A vibrating string, an echo from a moving car, and a resonating air column all follow wave physics rules.

This Waves and Sound quiz covers wave motion, standing waves, sound intensity, resonance, beats, and Doppler effect.

Which statement correctly describes a transverse wave?

  1. The particles vibrate in the same direction as wave travel.
  2. The particles vibrate perpendicular to the direction of wave travel.
  3. The wave can travel only through solids.
  4. The wave transfers matter from one place to another.
Explanation

In a transverse wave, particles of the medium move at right angles to the direction in which the wave travels.

For example, when a rope is shaken up and down, the disturbance moves forward while rope particles move vertically.

The wave carries energy, but the medium particles only oscillate around their equilibrium positions.

Which statement is true for a longitudinal wave?

  1. It has crests and troughs only.
  2. The medium particles move perpendicular to wave travel.
  3. The medium particles vibrate parallel to the direction of wave travel.
  4. It cannot travel through gases.
Explanation

In a longitudinal wave, particles vibrate back and forth in the same direction as the wave travels.

Sound in air is a common example.

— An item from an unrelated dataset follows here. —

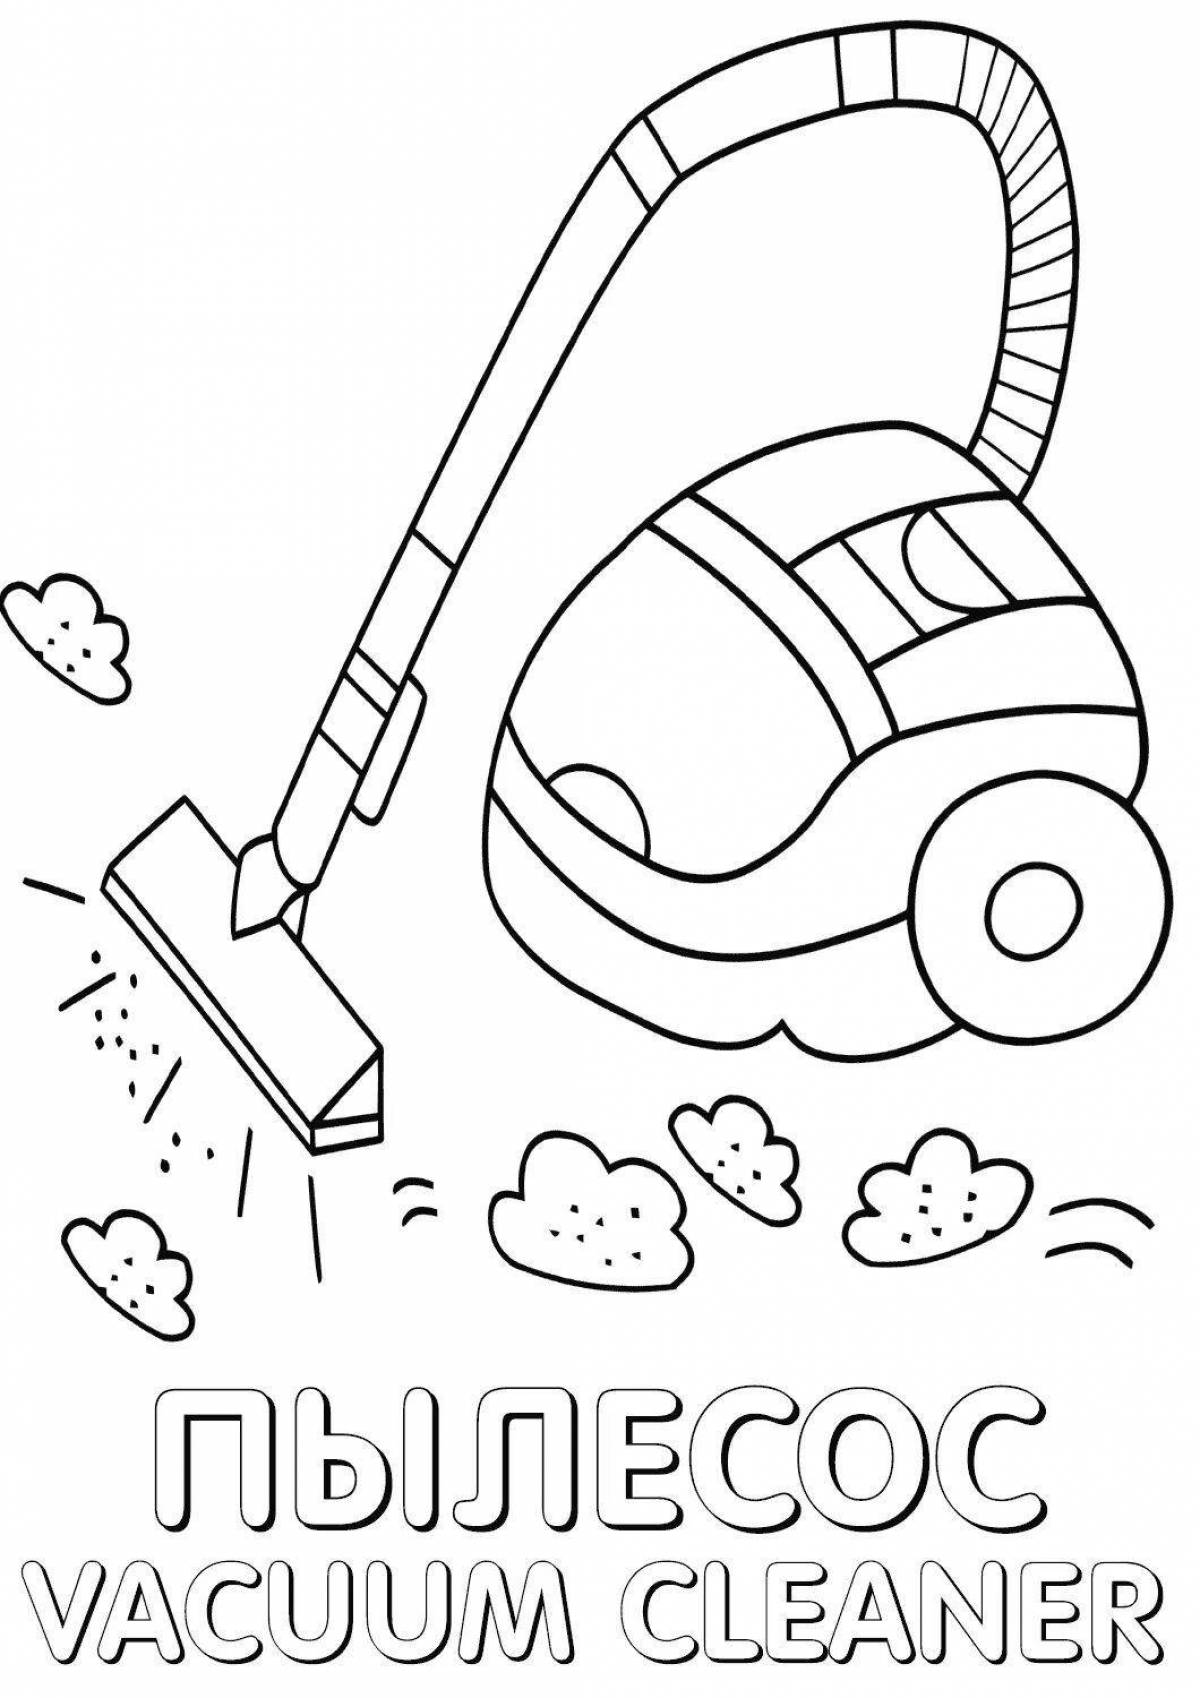 Playful vacuum cleaner coloring page for 3-4 year olds
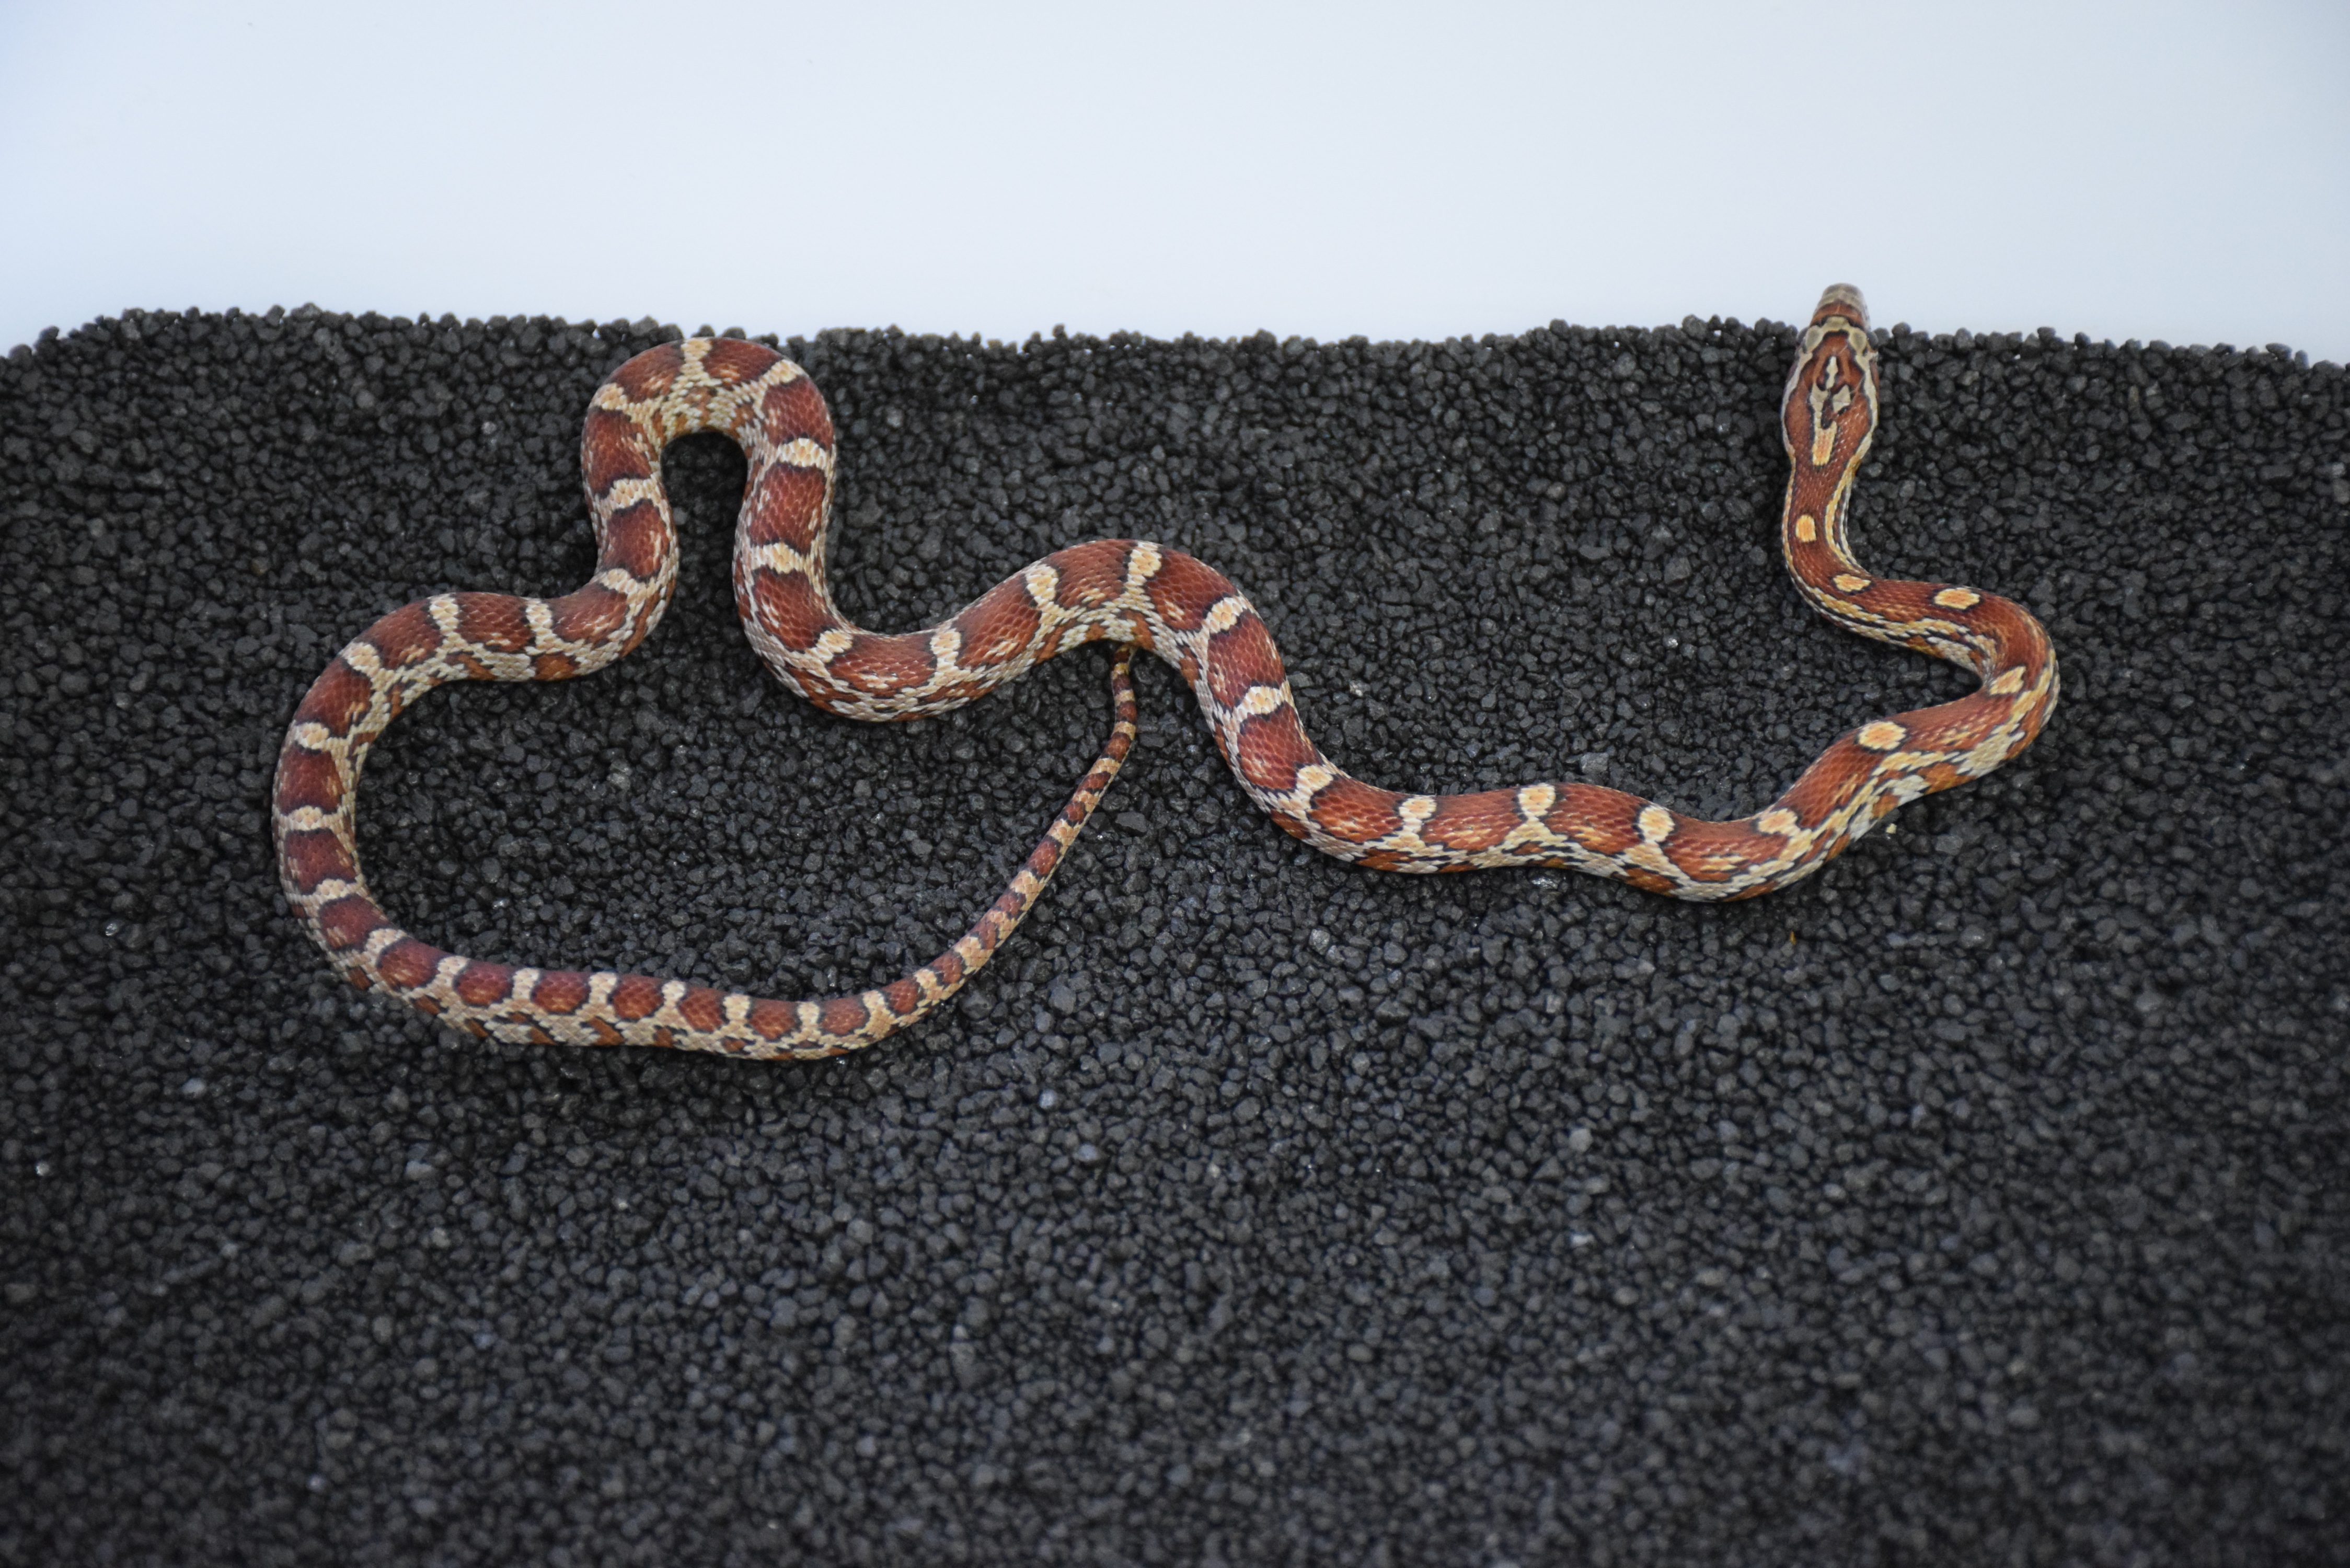 Masque Corn Snake by Cold-Blooded farm

It contains regions of compression and rarefaction.

Compression is where particles are closer together, while rarefaction is where particles are farther apart.

A wave has frequency \(25\text{ Hz}\). What is its period?

  1. \(25\text{ s}\)
  2. \(0.25\text{ s}\)
  3. \(0.04\text{ s}\)
  4. \(0.004\text{ s}\)
Explanation

Frequency and period are reciprocal quantities.

\[
T=\frac{1}{f}
\]

Here,

\[
f=25\text{ Hz}
\]

Therefore,

\[
T=\frac{1}{25}
\]

\[
T=0.04\text{ s}
\]

A frequency of 25 Hz means the wave completes 25 oscillations every second.

A wave has wavelength \(2.0\text{ m}\) and frequency \(15\text{ Hz}\). What is its wave speed?

  1. \(7.5\text{ m/s}\)
  2. \(13\text{ m/s}\)
  3. \(17\text{ m/s}\)
  4. \(30\text{ m/s}\)
Explanation

Wave speed is given by:

\[
v=f\lambda
\]

Substitute the values:

\[
v=15\times2.0
\]

\[
v=30\text{ m/s}
\]

The speed depends on frequency and wavelength. In a fixed medium, changing frequency also changes wavelength so that wave speed remains determined by the medium.

A wave travels along a rope from left to right. A marked point on the rope moves:

  1. Continuously from left to right with the wave
  2. Up and down around its equilibrium position
  3. Only toward the right
  4. Forward at the same speed as the wave
Explanation

A wave transports energy through a medium, but it does not carry each particle of the medium forward with it.

For a transverse wave on a rope, each marked point moves up and down around its equilibrium position.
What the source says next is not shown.